We should all care (albeit, some of us care slightly too much, a category which I, for one, certainly fit into)…

Photo by Jeff Hendricks on Unsplash

Despite being an adult nearing her 23rd year (when did that happen?!), I still very much feel this way, like I am on the outside looking in, overwhelmed by a world that isn’t designed for neurodiversity/a world where not making eye contact is seen as ‘rude’/where there is an unwritten rule as to how much you’re supposed to share upon meeting someone for the first time…

Unable to maintain eye contact, with a tendency to overshare to the extent that you’ll know my life history upon the first hour of meeting me, I worry a lot about making the ‘wrong’ first impression.

Posting poetry on Instagram only to delete it an hour later- ‘too much?’ Selfies- ‘not enough?’, a running commentary in my head as to all the reasons why I am ‘unlikeable.’ Craving approval from others on social media, someone to tell me; ‘You’re doing alright you know…’

I just want someone to tell me what to do, to give me an instruction manual, a ‘how to’ guide for life, but there is no one to tell me what to do, is there?…

And so, I have to figure it all out for myself, ‘learning on the job.’

Photo by marianne bos on Unsplash

It’s the times that I’m feeling most insecure in myself that I seek approval from others, naturally. Where, in the ‘thrill of the chase’/having a ‘crush’ on someone/feeling 16 again, I can forget about everything else, ‘escapism’, and just focus on this new, all-consuming rush of oxytocin I get every time my phone lights up with their name.

The issue with this though, however ‘exciting’ it might feel in the moment, is that in devoting everything to someone else, I inevitably wind up losing myself. Thus meaning that when the ‘thrill of the chase’ is no more, either because it’s been caught, or because…
(Well, I’m still not sure what actually follows the ‘because…’ Is everyone else emotionally unavailable, or is my emotional turmoil the problem? ‘Too much?’),
the void that I was trying to fill, having temporarily been filled, only ends up getting bigger and bigger until the blackness consumes me whole…

And this is why addiction always ends badly. Whatever your ‘poison’- drugs, alcohol, food, people:

It’s hard to get enough of something that almost works.

And so, I have to catch myself when I find myself mindlessly swiping on dating apps- ‘What are you doing it for?’

Photo by Kenzie Kraft on Unsplash

I don’t want to be ‘needy’, I don’t want to ‘need’ someone, and I definitely don’t want to use someone (unintentionally) as a ‘distraction’ from life, I want to be comfortable enough in myself to feel as though a person compliments me rather than completes me… But, until I prioritise myself, that is something that I will never be able to do…

Alas, that is what I am trying to do
(try, fail, try again)…

Prioritising myself, realising my worth, for which I want to be remembered for more than just being ‘someone else’s girlfriend…’

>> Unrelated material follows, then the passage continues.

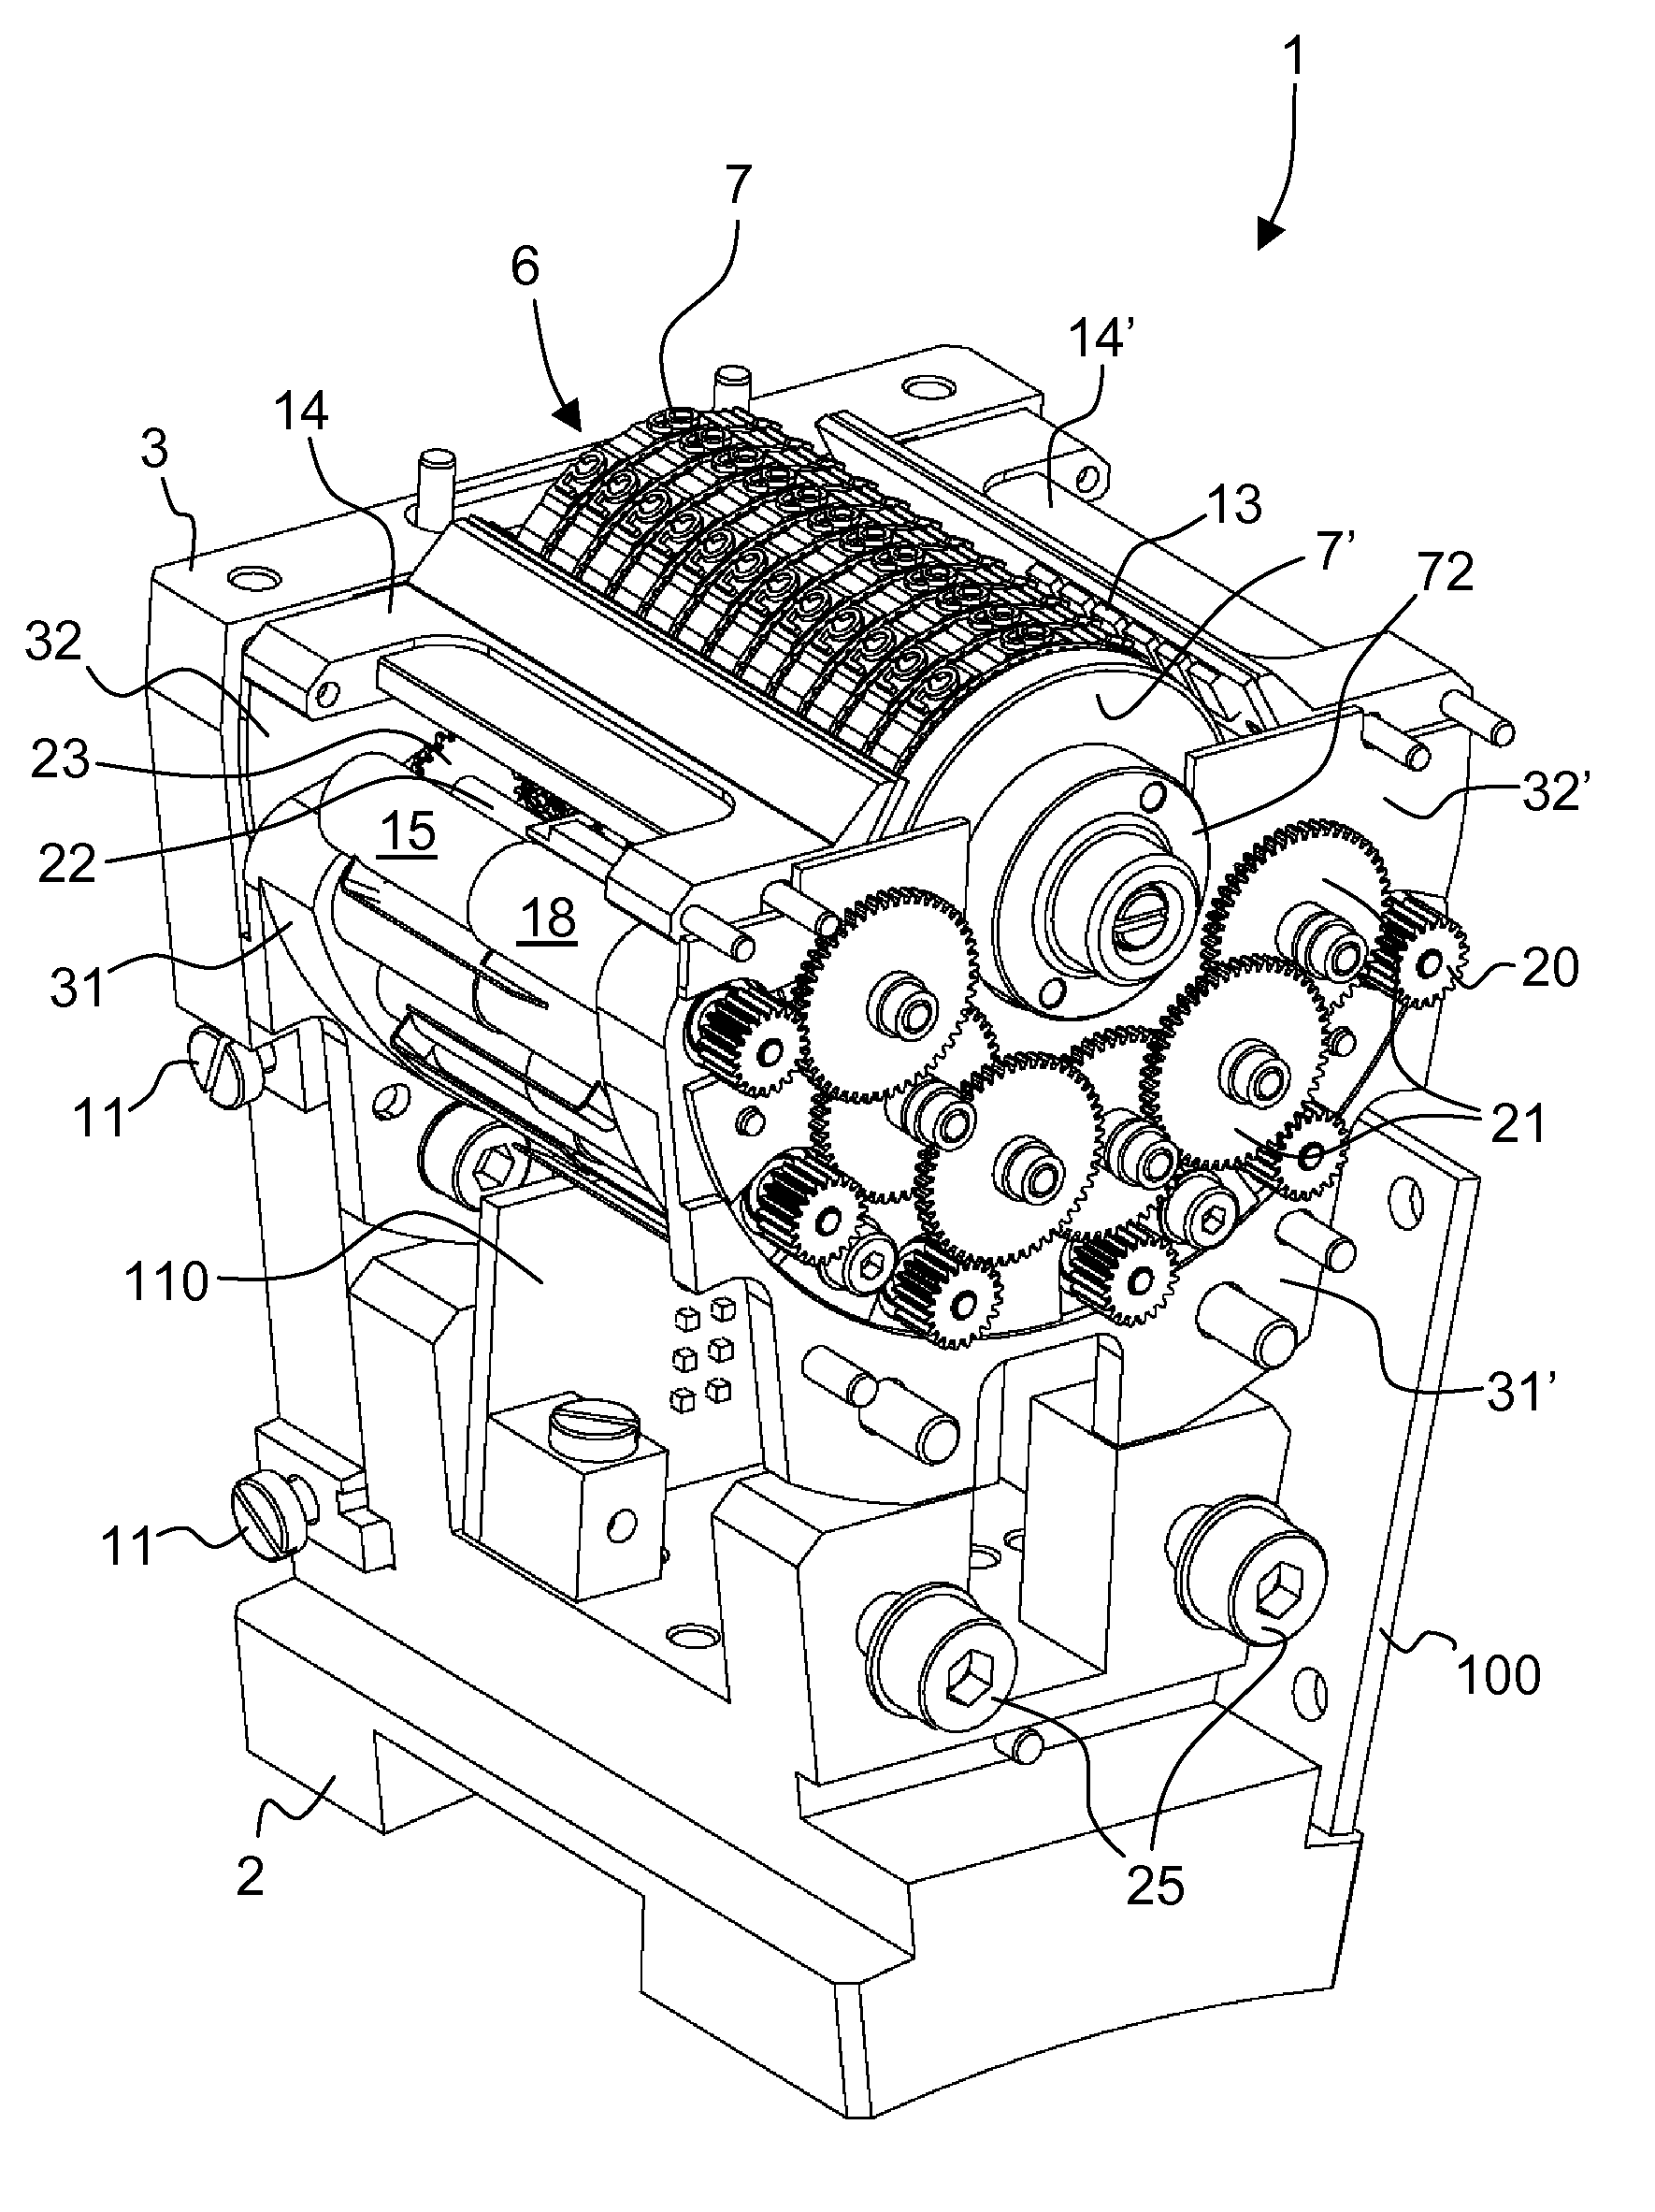 Numbering device for typographic numbering

Photo by Natalie Hua on Unsplash

I am not Lisa, ‘X’s girlfriend’, I am Lisa, writer, poet, editor, photographer, HUMAN BEING, and I want to take the time to just be… To sit with myself and my emotions every time I want to run from them…

Because, only when I realise my own worth/only when I stop putting my own needs at the back of the queue behind other people’s, will I be able to form ‘healthy’ connections.

To ‘compliment, not complete’, a healthy relationship sees people being together because they WANT to be together, to ‘compliment’ each other, not because they feel like they NEED to be together, to ‘complete’ each other.

Photo by Kelly Sikkema on Unsplash

People often hold the misconstrued idea that when they meet someone, their whole life will be complete when, in reality, it is only when their own life is complete that they will be in a healthy position to meet someone…

Photo by Brian Lundquist on Unsplash

So, fill your life with all the hobbies that you enjoy, and all the people that you love, and come to recognise that relationships are not the be-all and end-all and that you are your own person, (for which, you should be focusing on her, on yourself)…

The hour a day that I ordinarily spend swiping on dating apps, hoping to meet someone who can stop me feeling, (or make me feel, depending on the day. Nothing or everything/manic or numb, no in-between), I am, instead, spending on working out what I want to do with my life, and taking steps to get there… 

Because, when ‘nothing changes if nothing changes’/when ‘if you always do what you’ve always done, you’ll always get what you’ve always got’, change won’t come to me unless I actively pursue it (hence why yesterday I sent my applications off to universities for a master’s degree).

Having been feeling stagnant in life recently, I’m forcing myself out of my comfort zone in order to escape that stagnancy.

And so this September, I will either be moving to London for a year, or I’ll be going travelling- getting out to experience a world outside of my hometown, feeling what it means to LIVE, truly and wholeheartedly, not just survive, and making peace with myself, for myself… 


Photo by Tirza van Dijk on Unsplash

One response to “How To Form Healthy Connections: Don’t Lose Yourself In Someone Else”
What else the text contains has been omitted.